El régimen carnívoro, las bebidas fermentadas y el tabaco, no proporcionan


al cuerpo, aunque lo parezcan, más vigor que el latigazo al caballo. Ponen
obstáculos a la vida interior y socavan la no-violencia en su base.

El glotón ignora todas estas cosas y no tiene cura. El hombre que en el


alimento más parco en cantidad, más simple y más juiciosamente escogido,
busca mantener sus fuerzas y su equilibrio, la libertad mental y la tranquilidad
del alma, al mismo tiempo que comulga con los otros hombres y con todos los
seres en la bendición del Señor, es un hombre que ya ha vencido a la
glotonería.

Se puede, pues, vencer la glotonería comiendo; pero al fin de cuentas, se


trata de una victoria negativa; y además, de una victoria relativa y confusa, ya
que siempre resulta difícil hacer en ella la participación entre la satisfacción
corporal y el bienestar interior.

Hay un método menos tortuoso, menos complicado, menos docto y más


claro: el ayuno.

El ayuno asegura, además, una victoria positiva, pues no solamente arranca


la glotonería de raíz; planta al mismo tiempo en el corazón y la carne <el
hambre y la sed de justicia>.

Ayunar es dar o dejar su parte al prójimo.

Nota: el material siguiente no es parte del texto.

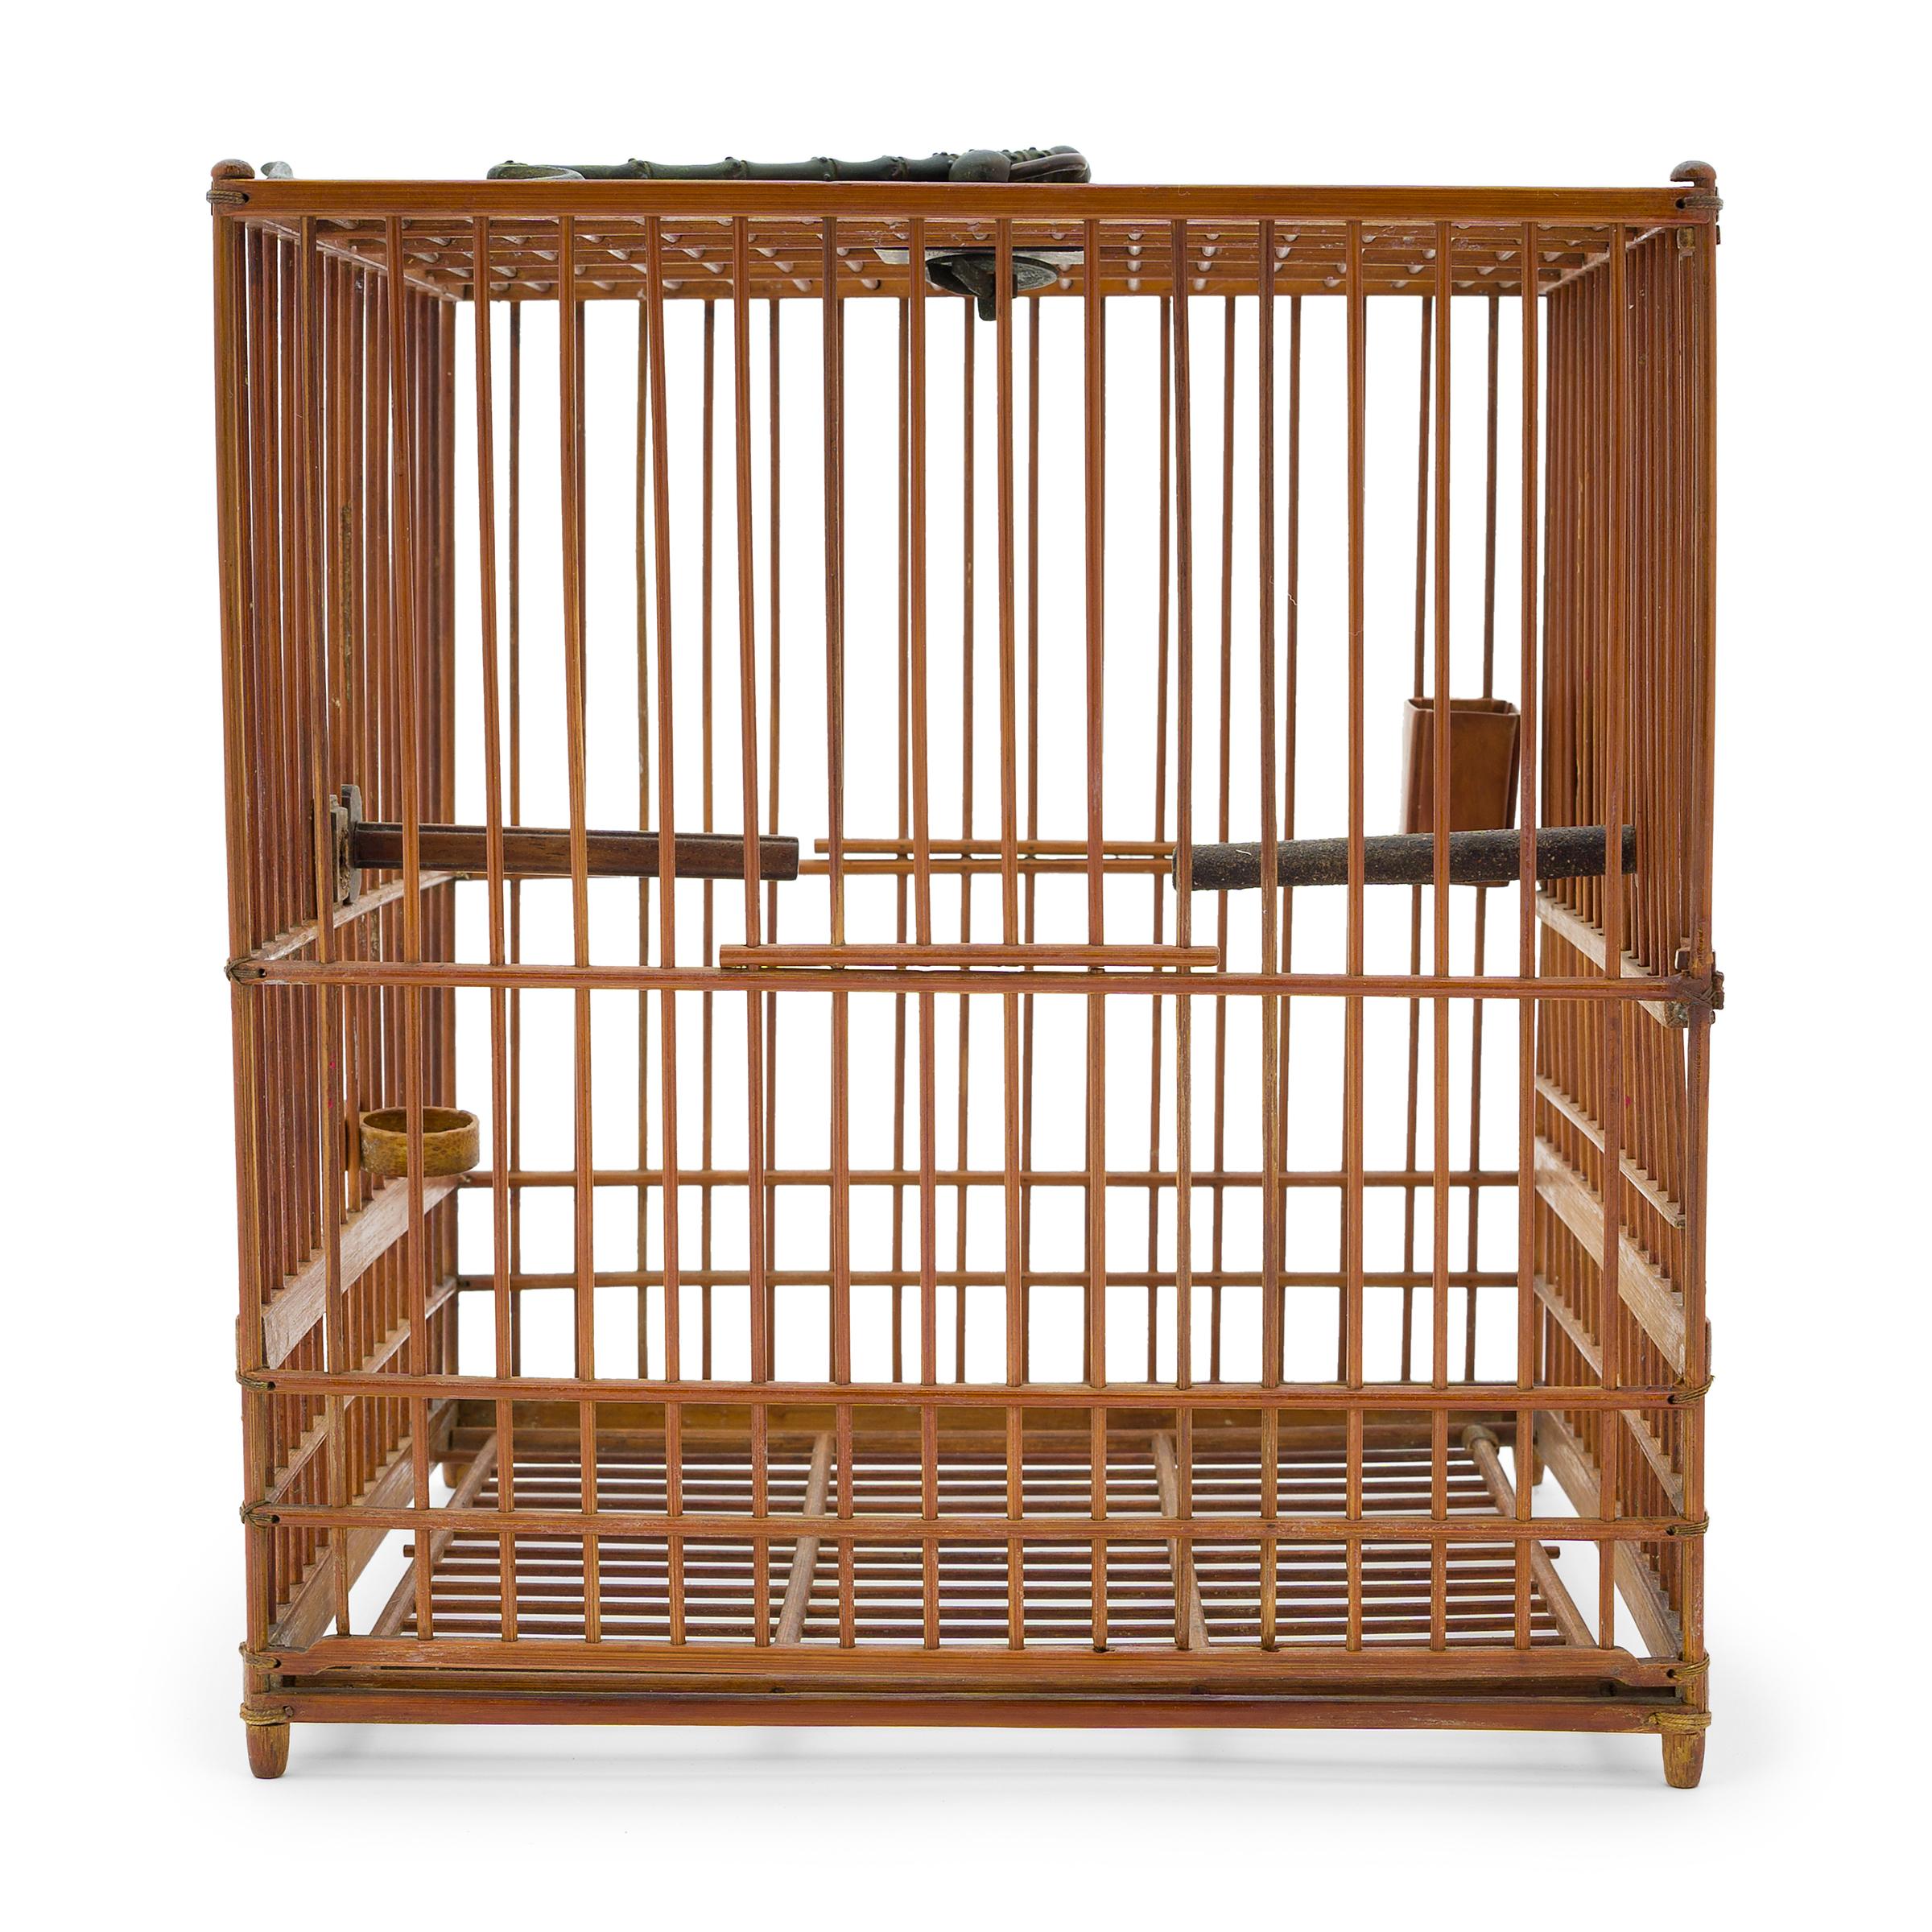 Cette cage à oiseaux bien proportionnée abritait autrefois l'animal de compagnie d'un aristocrate de la dynastie Qing. Datant du début du 20e siècle, cette cage carrée est soigneusement assemblée à partir de fines tiges de bambou. Elle est dotée

Ayunar no es privarse de alimento o soportar el hambre con valor: es evacuar


todo pensamiento y todo deseo de alimento y en consecuencia, también el
hambre.

La voluntad con la que se corta y reduce uno de los deseos más hondos,
oscuros y tenaces de la carne, se distingue de todo otro deseo y de todo lo que
proviene de la carne: es necesariamente una pura voluntad, una potencia que
viene de lo alto.

Se equivocan quienes piensan que tan preciosos resultados exigen esfuerzos


enormes, muchos años de práctica y gracias excepcionales. Sostengo, por el
contrario, que están al alcance de cualquiera. Uno se queda generalmente
maravillado de la rapidez con la que se llega a tal punto, siempre que se
practique con cierta regularidad.

Aconsejo firmemente a todos los amigos del Arca que dediquen al ayuno
completo un día por semana, sin tomar más que agua y sin interrumpir sus
tareas cotidianas. Puede que las primeras veces experimenten alguna
debilidad y algunos mareos, pero se reirán de ellos; y pronto sabrán que esta
purificación periódica es tan salubre como saludable (en el arca, los niños de
seis años ayunan a veces por propia voluntad y lo hacen muy alegremente).